Okay, I have turned OFF the proxy through Cloudflare based on Brandon's comment.

graybeal commented 2 years ago

Thanks! To my surprise, Protege still has a problem opening https://sweetontology.net/sweetAll. Oh, but opening http://sweetontology.net/sweetAll now works, pulling in all ontologies.

And, opening https://raw.githubusercontent.com/ESIPFed/sweet/master/src/sweetAll.ttl in Protege successfully pulls in all the other ontologies. (I'm not absolutely sure whether we tried this before, so we may have to try turning the proxy back on to see if it still works.)

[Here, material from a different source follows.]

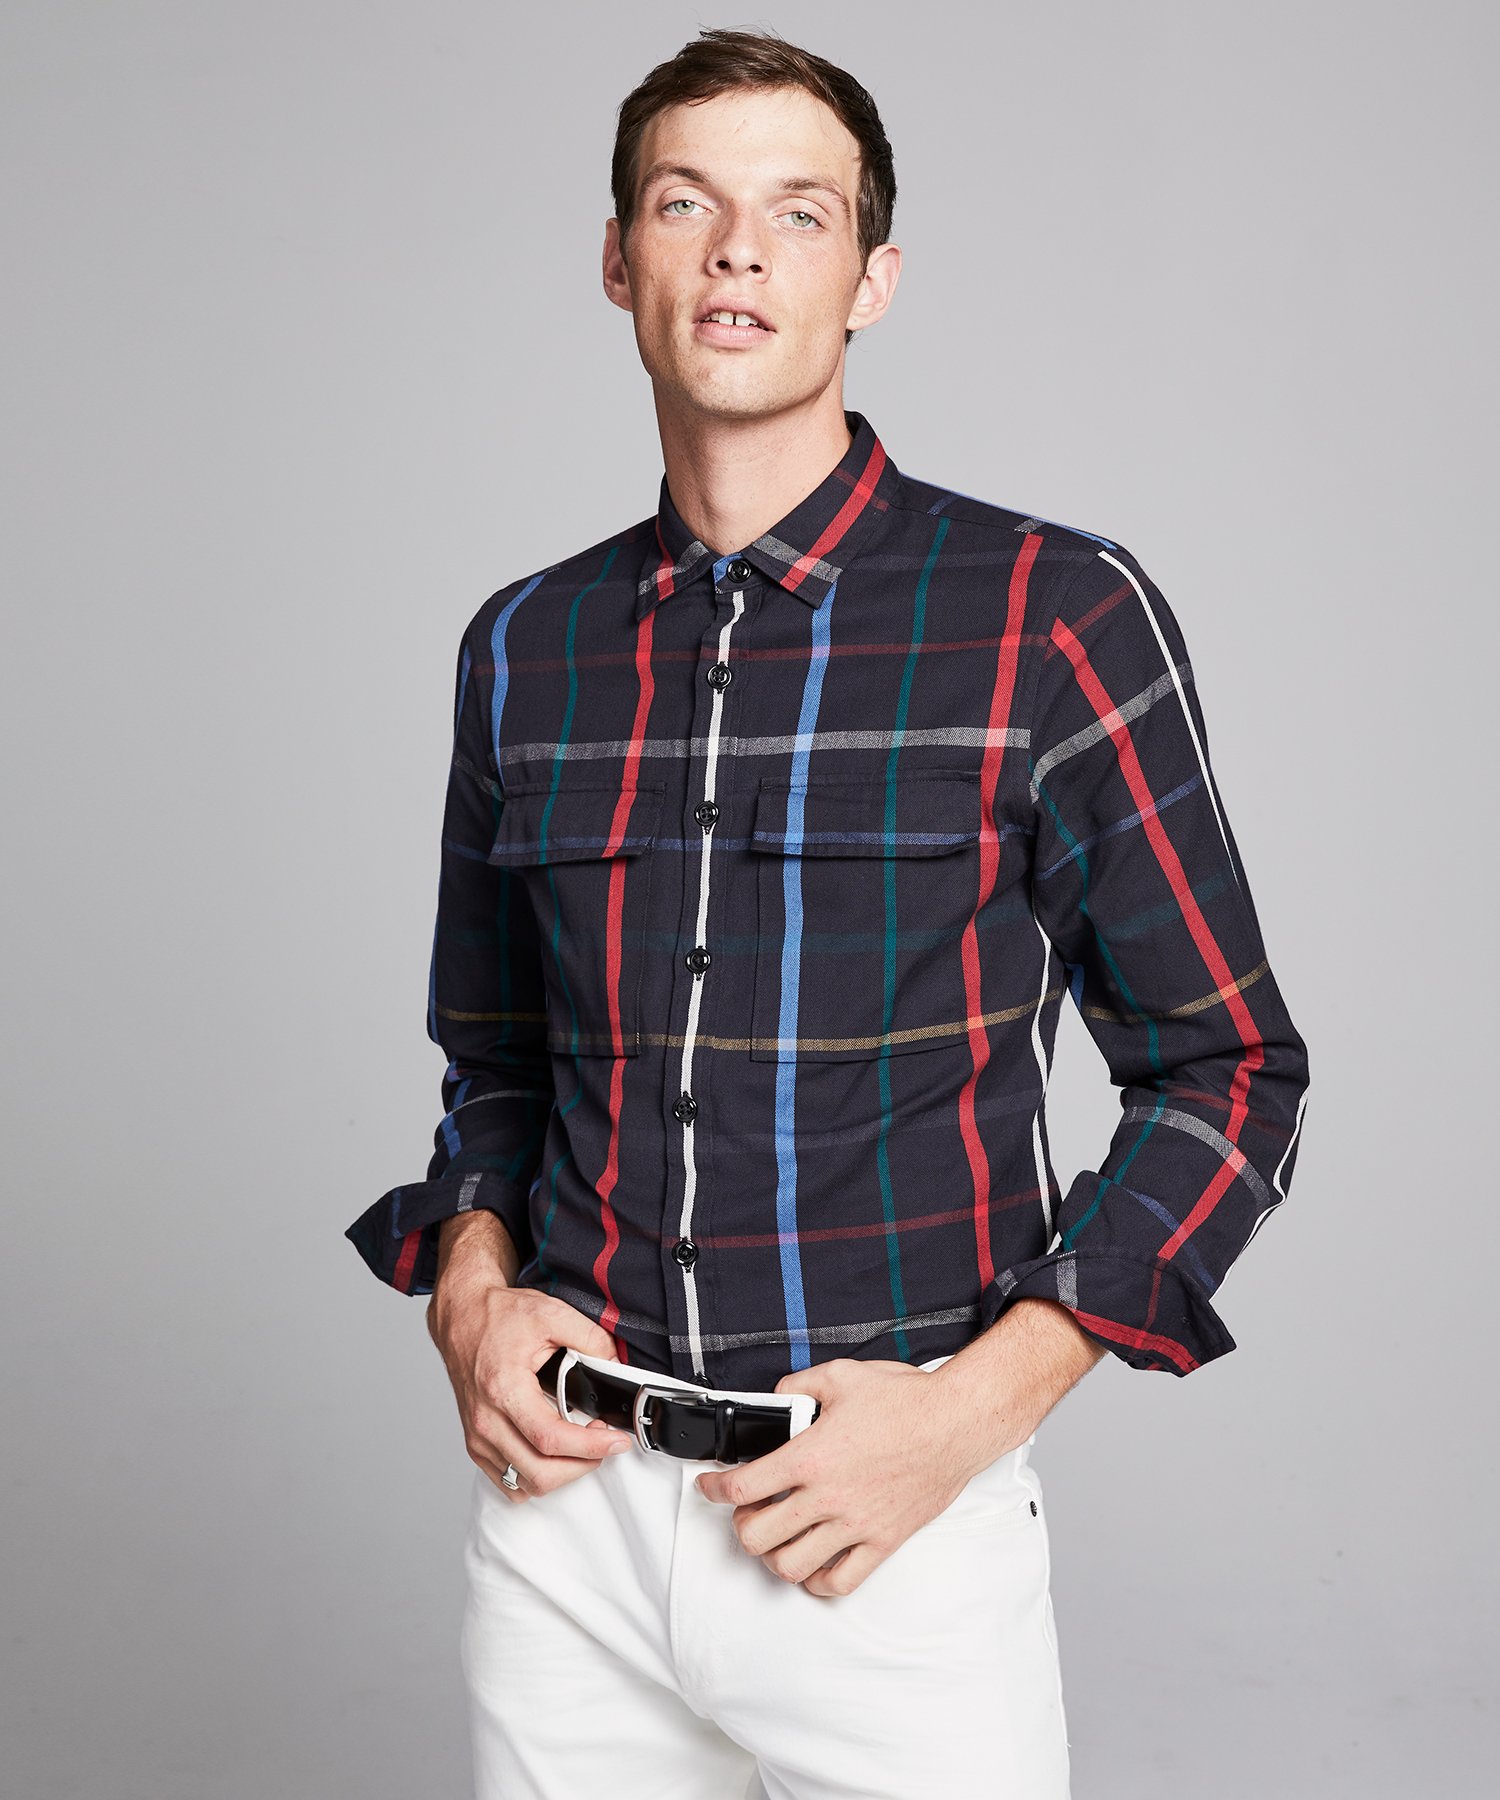 Multi Color Check Shirt Jacket | The Fashionisto

This is the error message for https:

jgraybeal@BMIR-TPM ~ % curl -vvv -H "User-Agent:Java/1.8.0_40" https://sweetontology.net/sweetAll
*   Trying 34.208.49.64...
* TCP_NODELAY set
* Connection failed
* connect to 34.208.49.64 port 443 failed: Operation timed out

So before we turn proxying back on and retest, does anyone want to explore or opine about the SSL not resolving? I think we should be handling https requests also.

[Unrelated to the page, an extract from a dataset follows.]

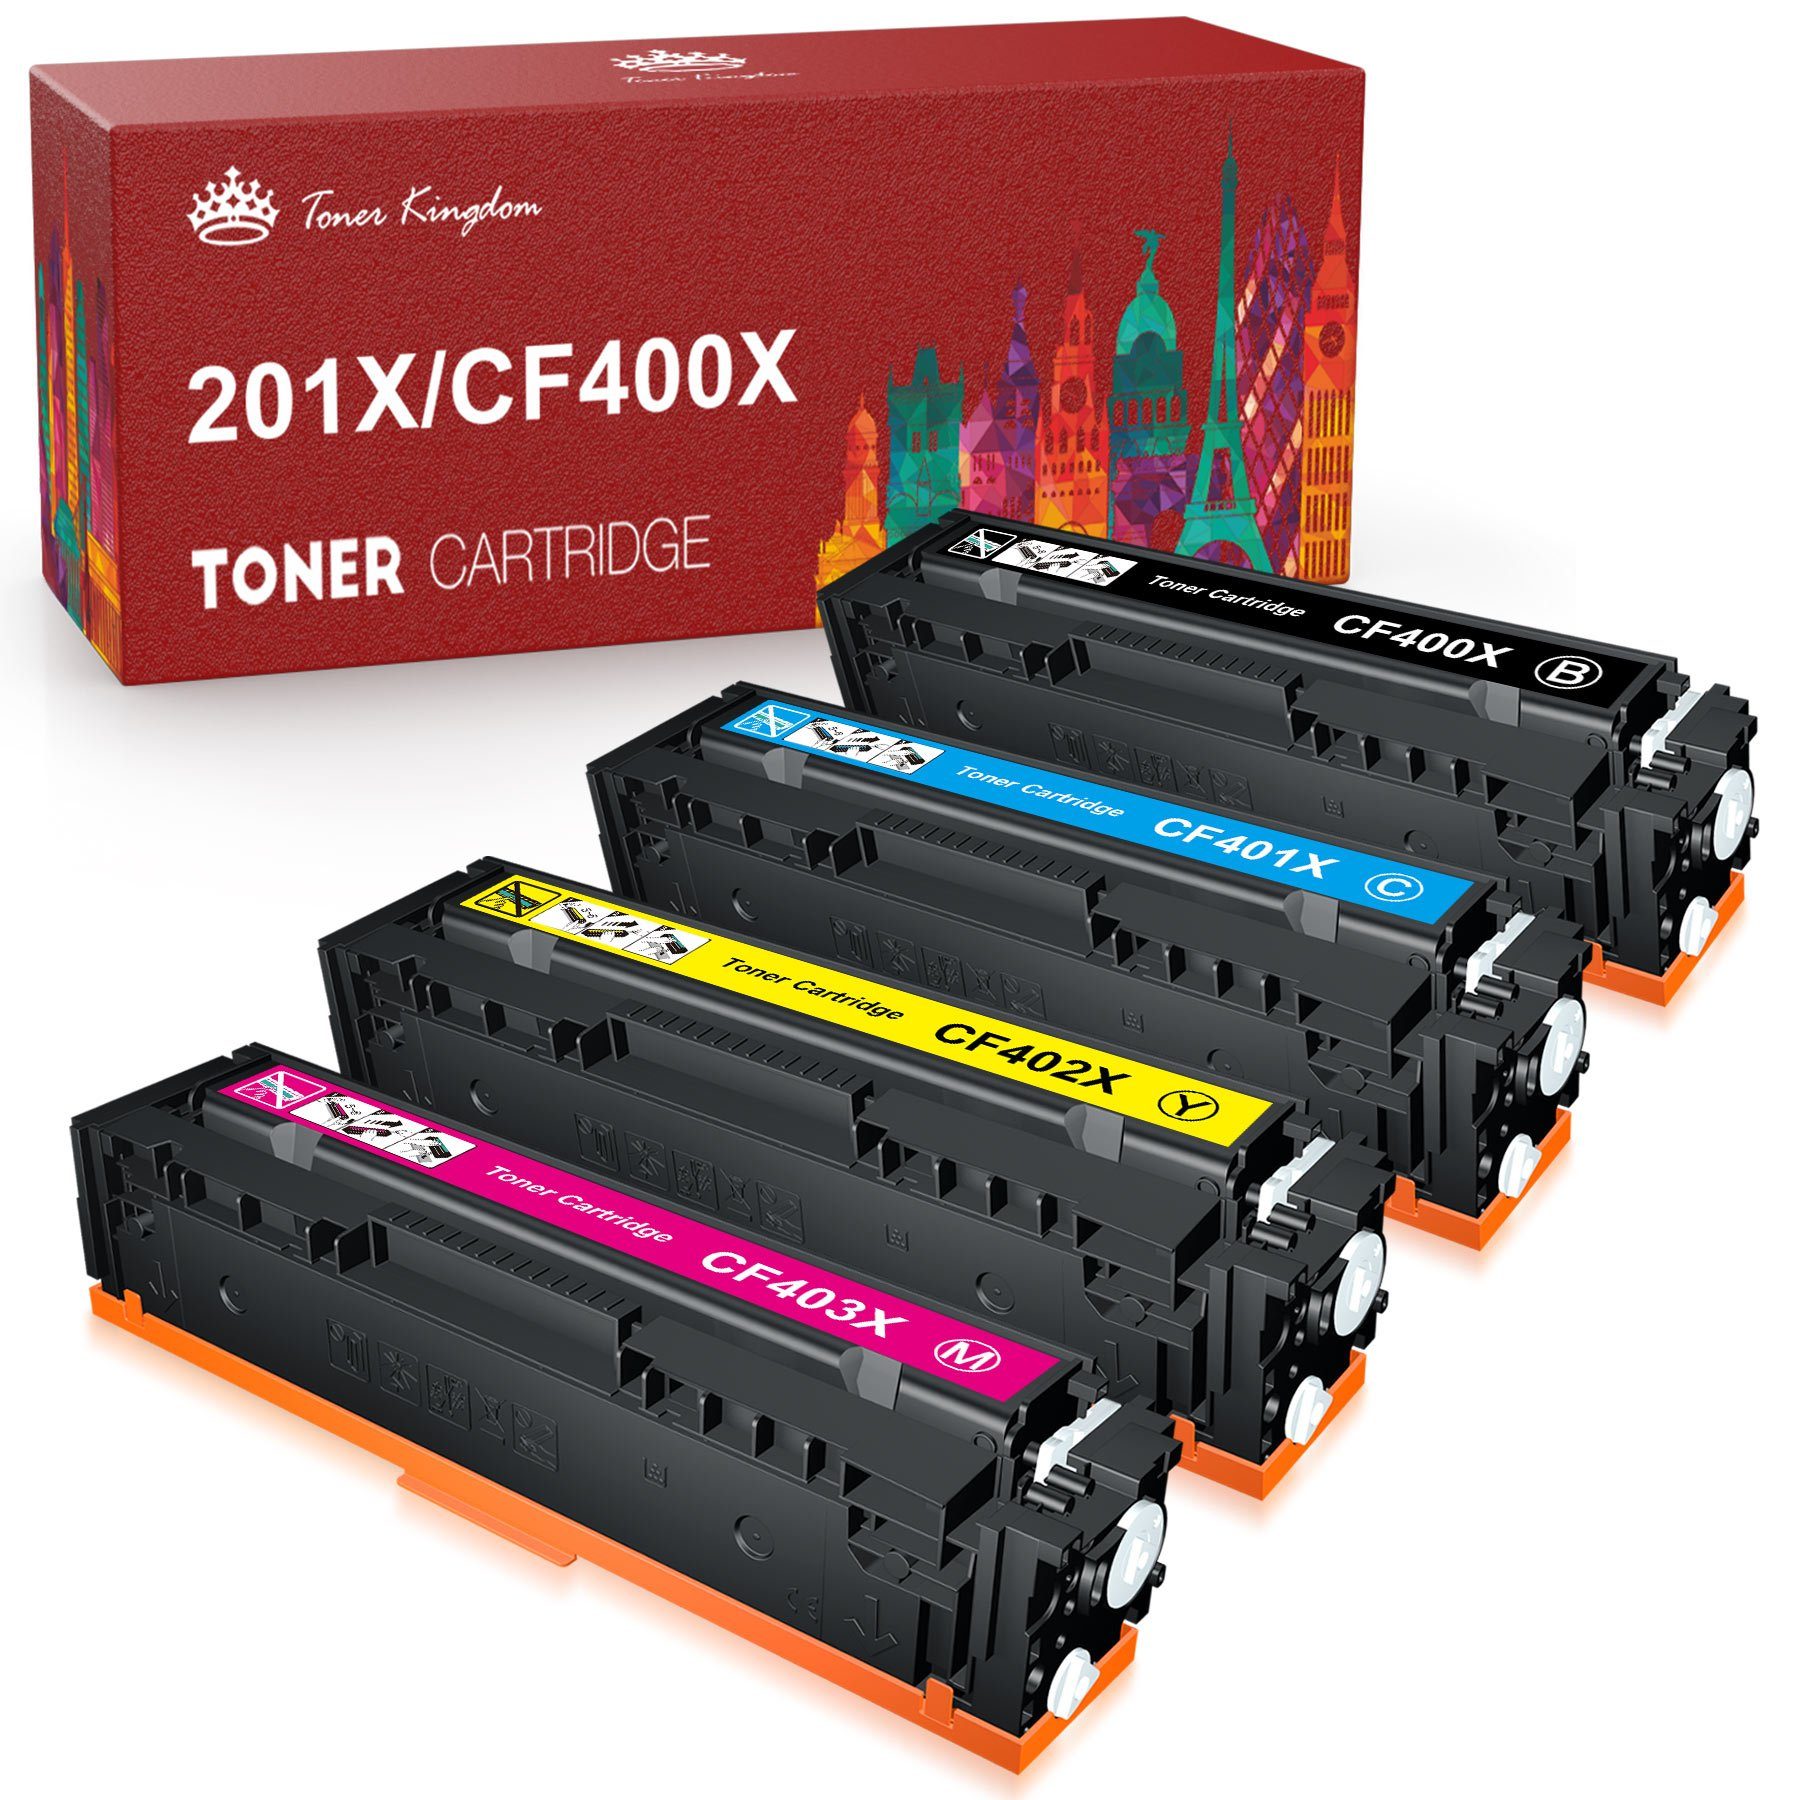 Toner Kingdom Tonerpatrone für HP 201X 201A CF400X CF400A MFP M277dw

carueda commented 2 years ago

AFAICT, HTTPS access has never been set up https://github.com/ESIPFed/cor/issues/37

(note that sweetontology.net and cor.esipfed.org share the same host server.)

rrovetto commented 2 years ago

Following John, I tested the raw git link in the past and i don't recall it opening. Now testing both links again on my end...

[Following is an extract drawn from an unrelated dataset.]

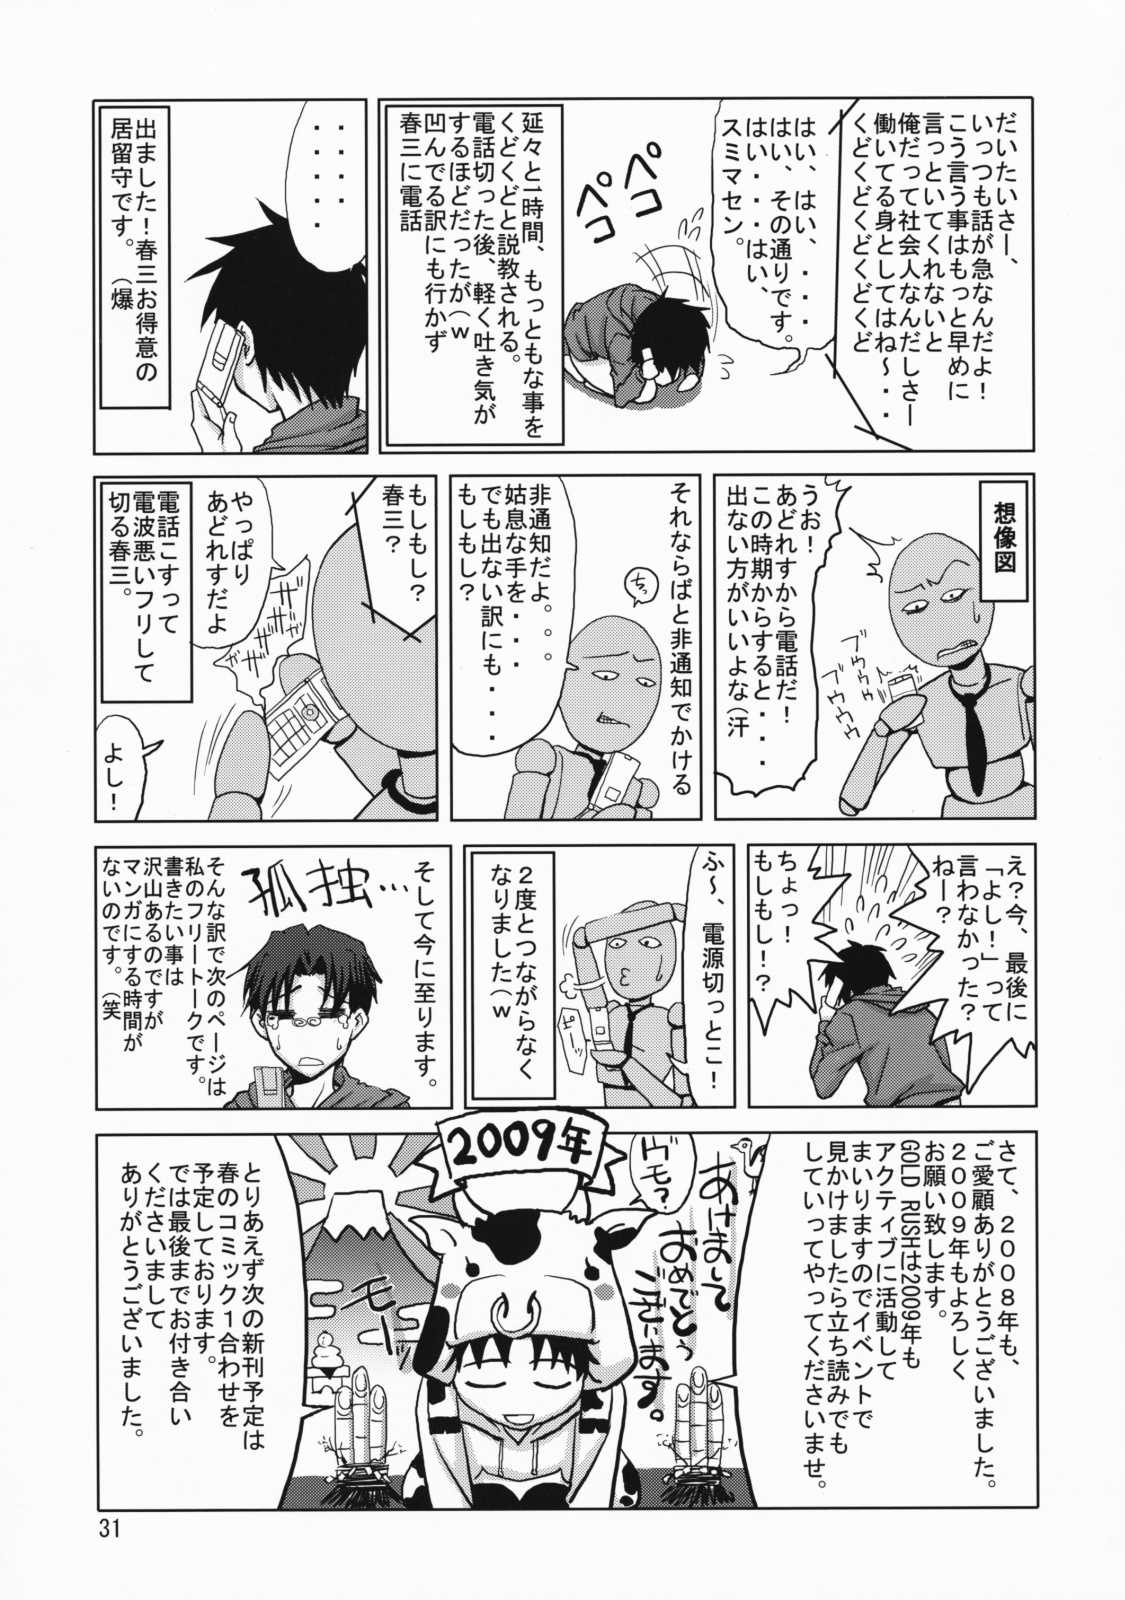 [Gold Rush] Comic Daybreak Vol.4 - Gold Rush 64 (Gundam00)

I recommend we also list links to open all stored versions of sweet. The releases page has zip files, but it will be more beneficial to the public, as well as user-friendly.

carueda commented 2 years ago

Just don't try with https as it hasn't been set up (see my previous comment).

But http://sweetontology.net/ resolves just fine from my side, that is:

make sense?

brandonnodnarb commented 2 years ago

Thanks for all your efforts on this issue @carueda, @graybeal, @rrovetto, and @esip-lab. I have tested http://sweetontology.net/sweetAll using the Open from URI... functionality in Protégé 5.5.0 and it appears to resolve properly AND load all imported ontologies. Using http://sweetontology.net/sweetAll.ttl works in the same manner.

I can also confirm that a browser renders http://sweetontology.net/ as https://github.com/ESIPFed/sweet/blob/master/README.md which matches the current set up/configuration.

As such, I will close this issue.

Please lodge any other issues mentioned in the thread separately.